On the other hand, former WSRE patients achieved higher scores than controls on the immediate recall section of the Cronholm–Molander verbal memory test and on the WAIS-NI Incidental Learning test. Also, the subset of former WSRE patients achieving the highest complexity level in SimCap had a higher accuracy (d′) score than controls did. Significant group differences were not found on tests for verbal intellectual ability (SRB:1 vocabulary, WAIS-R Information, F-A-S Verbal Fluency), the memory tests Austin Maze, RCFT and WAIS-R Digit Span, or for the remaining variables of the APT k-test, APT SimCap and IVA.

Interactions with age and gender

The interaction Group by Gender, explored for APT k-test Search Strategy and RT-Inhib (level), and IVA FSRQ and Consistency (visual), showed a gender-related difference only in APT k-test Search Strategy (p = 0.006), indicating a stronger group difference among men (means 0.57 versus 0.52 for former WSRE patients and controls, respectively). The interaction Group by Age was explored for RCFT copy, the APT variables k-test Search Strategy, RT-2, RT-Inhib and SimCap (level 1, Beta), and the IVA variables FSAQ, FSRQ, and Consistency Visual and Auditory, which did not reveal any age-related group difference (all p values >0.28).

Self-ratings of cognitive problems

The former WSRE patients scored significantly higher than controls on both questionnaires targeting cognitive problems, when comparing raw data across groups. The effects sizes of these differences were generally large (range 0.13–0.30). For the Euroquest-9, higher scores were seen on the concentration and attention subscale as well as on the memory problems subscale, giving a distinctly higher total score among former WSRE patients (Table 6). For the 5-QEMP, the former WSRE patients had higher ratings on all items (F[1,102] > 15; p < 0.001 throughout), resulting in a markedly higher total score. The largest mean differences were seen on the items “Do you forget appointments if not prompted by someone else or by a reminder such as a calendar or diary?” and “How is your memory today, in comparison with your memory 5 years ago?”.

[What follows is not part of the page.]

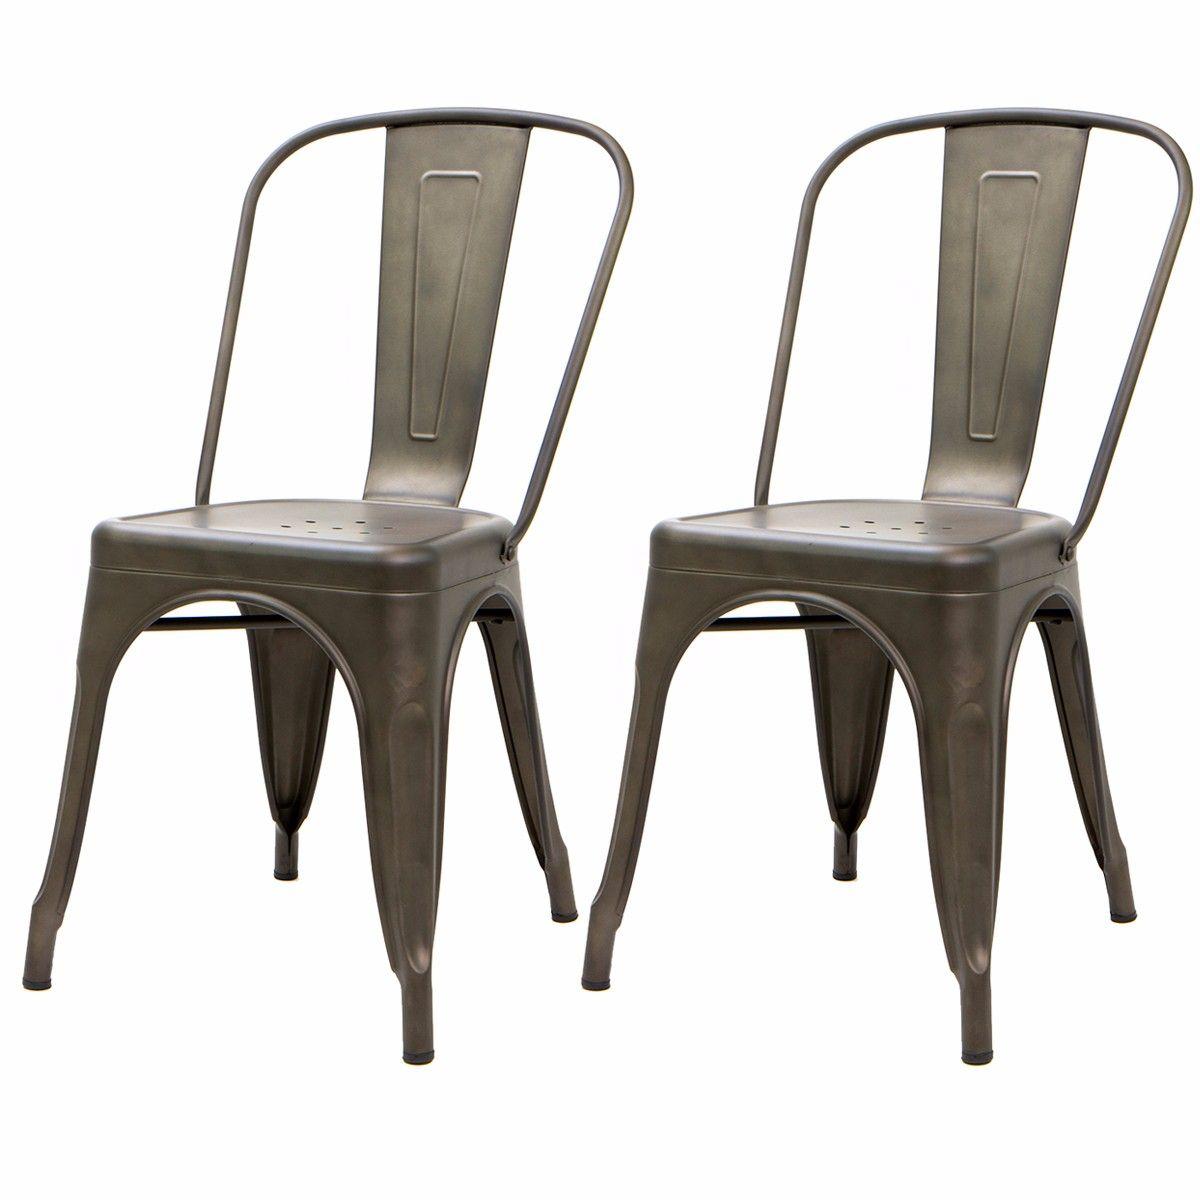 Guns On Kitchen Table: 2PC Bistro Bar Pub Dining Promenade Vintage Side Chair

Table 6. Self-rated cognitive problems for former work-stress-related exhaustion patients and healthy controls.

					ANOVA, Group
	Patients (n = 54)		Controls (n = 50)		Unadjusted for covariates*			Adjusted for covariates*
Main scales and subscales	Mean	SD	Mean	SD	F †	p		F ‡	p
Euroquest memory and concentration problems§
Total mean score	2.43	0.67	1.80	0.47	29.7	<0.001	0.226	1.95	0.17^D,P	–
Concentration and attention  problems subscale	2.29	0.71	1.61	0.53	30.3	<0.001	0.229	1.58	0.21^D,P	–
Memory problems subscale	2.49	0.72	1.90	0.49	24.3	<0.001	0.192	1.67	0.20^D,P	–
5-item questionnaire of everyday memory problems§
Total mean score	3.52	0.75	2.69	0.49	44.1	<0.001	0.302	16.65	<0.001^D	0.142
1. Does anybody close to you  (family, friends) think you  have a poor memory?	2.98	1.06	2.24	0.87	15.1	<0.001	0.129	3.07	0.083^A,D,G	–
2. How is your memory today,  in comparison with your  memory 5 years ago?	4.22	0.74	3.52	0.50	31.3	<0.001	0.234	9.65	0.002^D	0.087
3. How do you perceive your  memory in comparison  with that of other persons  your age?	3.69	0.80	3.04	0.60	21.4	<0.001	0.173	7.08	0.009^D	0.066
4. Do you forget appointments  if not prompted by someone  else or by a reminder such as  a calendar or diary?	3.75	1.05	2.56	0.81	41.2	<0.001	0.289	18.79	<0.001^D,G	0.160
5. Does it occur that you do not  remember things that have  recently happened?	2.98	1.16	2.10	0.89	18.8	<0.001	0.156	13.39	0.032^D	0.045

*Univariate ANOVA p values for between-group comparisons, either unadjusted for covariates or adjusted for age (A), Symptom Checklist-90 depression score (D), gender (G) and medication with psychopharmacological drugs (P) in case p < 0.20 for each covariate.

†df = [1,102].

‡df ranged from [1,99] to [1,101].

§Higher scores represent poorer ratings.

When the raw data were adjusted for potential covariates in the ANOVA (see “Methods” section and Table 6), the between-group differences found in Euroquest-9 scores were no longer statistically significant, apparently due to strong relations between Euroquest scores and SCL-90 depression scores (ANOVA covariate values: F’s > 24; p’s < 0.001 throughout). On the other hand, scores on all but one of the 5-QEMP items were still significantly higher among former WSRE patients after adjustment for SCL-90 depression score (ANOVA covariate values: F’s > 5.3; p’s < 0.03 throughout). Significant relationships between SCL-90 depression scores and scores on the questionnaires targeting subjective cognitive problems also occurred within the control group, although of a lower magnitude for the single 5-QEMP items (data not shown).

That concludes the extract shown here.